The National, Tuesday 07th Febuary 2012
WHAT a relief it must be for parents whose children yesterday started the new academic year.
Although several schools in the New Guinea Islands region and maritime provinces have had difficulty given the adverse weather, we are certain they will have started up by week’s end.
For the first time, the state is footing the bill with its tuition-free initiative.
For that, Prime Minister Peter O’Neill, Treasurer Don Polye and all members of parliament who supported the initiative deserve a pat on the back.
It is the type of policy that will reap untold benefits for the country in the years to come.
Ask the governors of Enga and Morobe who will tell you because they have been paying tuition for their students since 1997.
“Education is the key to our future and for participation by all Papua New Guineans in the modern economy,” Polye so aptly said when delivering the 2012 budget on Dec 6 last year.
He announced a funding of K649 million, in addition to K300 million set aside in the 2011 supplementary budget of Sept 21 and K47 million for education infrastructure improvements.
He said it would fund tuition-free education up to year 10 and a 75% subsidy for years 11 and 12.
He said the government would re-introduce Natschol – national scholarship – to provide 10,000 stu-
dents with living allowances.
“This funding triggers additional support of K27 million from the Australian aid programme,” he said.
He said the 2012 budget would pay for 6,700 new teachers to work in the provinces and a K13 million increase in the basic education function grant to provinces that should support the K24.5 million for teachers colleges, technical and vocational schools.
Polye said it provided a substantial increase in recurrent funding to universities of nearly K10 million.
In addition, the development budget would support the University of PNG (K43.5 million – including the law school building and a science building), University of Technology (K8 million – including a petroleum and petrochemical engineering school), University of Natural Science and Resources (K18 million – including a library and staff housing), and University of Goroka (K12 million counterpart funding for a Chinese loan of K30 million for a dormitory extension and trade skills scholarships worth K20 million.
Polye said free education was of little value if the quality was not the best and the next challenge was to lift the standard of education across the country.
“In total, the government allocates a minimum of K1,954 million or 18.5% of the total recurrent and development budgets to education in 2012,” he said.
The government had lifted education expenditure by 30% over the 2011 budget.
This initiative had proven to have won the hearts and minds of the people.
The government has moved fast in recent weeks to ensure the initial K300 million had been forwarded to Bank South Pacific to transfer into school accounts.
When you add it up, it is a huge sum of money.
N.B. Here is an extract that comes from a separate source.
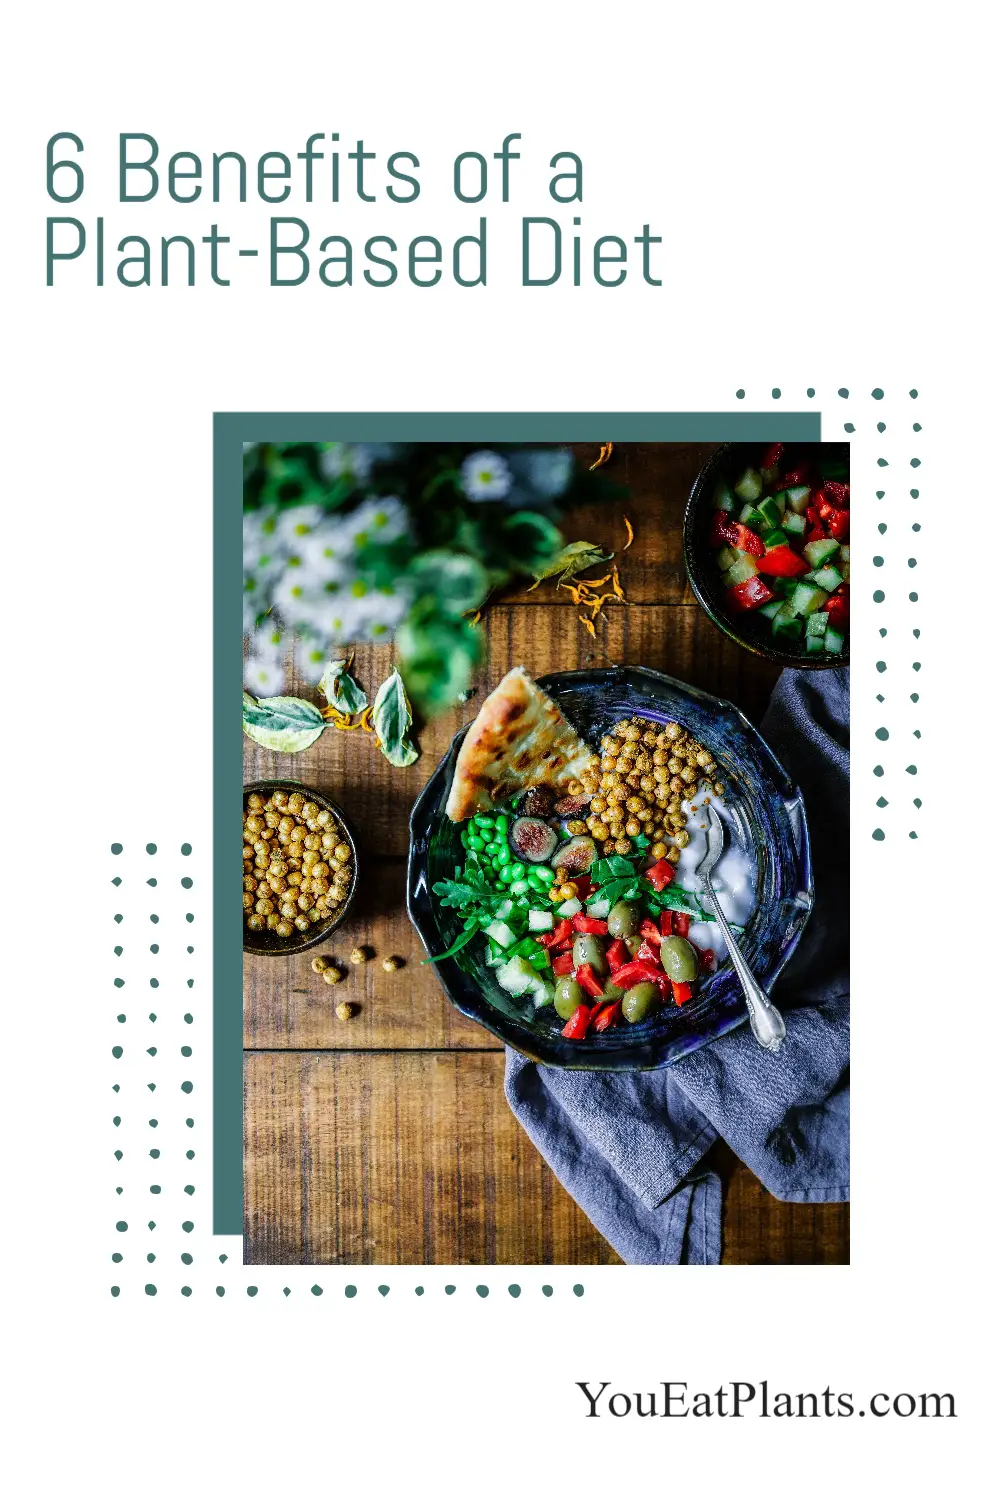 Benefits of a Plant-based Diet for health, athletes, environment

K1.1 billion is more than the national budgets of many of our smaller Pacific brothers.
Now, in the interest of transparency and accountability, we need an accounting of where that initial K300 million has been spent.
Can the Education Department provide a list of all schools that have received tuition-free funding and exactly how much each school received?
School fees seem to vary from school to school and although national education board approved fees structure has been approved, we seem to think that some schools will receive more than others based on student intake and such like.
What is there to stop unscrupulous manipulation of tuition by schools boards and management if they were to supply false student intake numbers, for instance?
Can the Education Department also tell the people whether every child who turned up at a school has been accepted?
Can it please tell the people how the state intends to verify whether every school has given an accurate enrolment figure?
Let us not fool ourselves. If we can have ghost names on the common roll, it could just as easily happen here where there is a substantial sum of money at stake.
At the same time, revealing exactly what each school receive will enable parent-teacher associations to hold school managements accountable.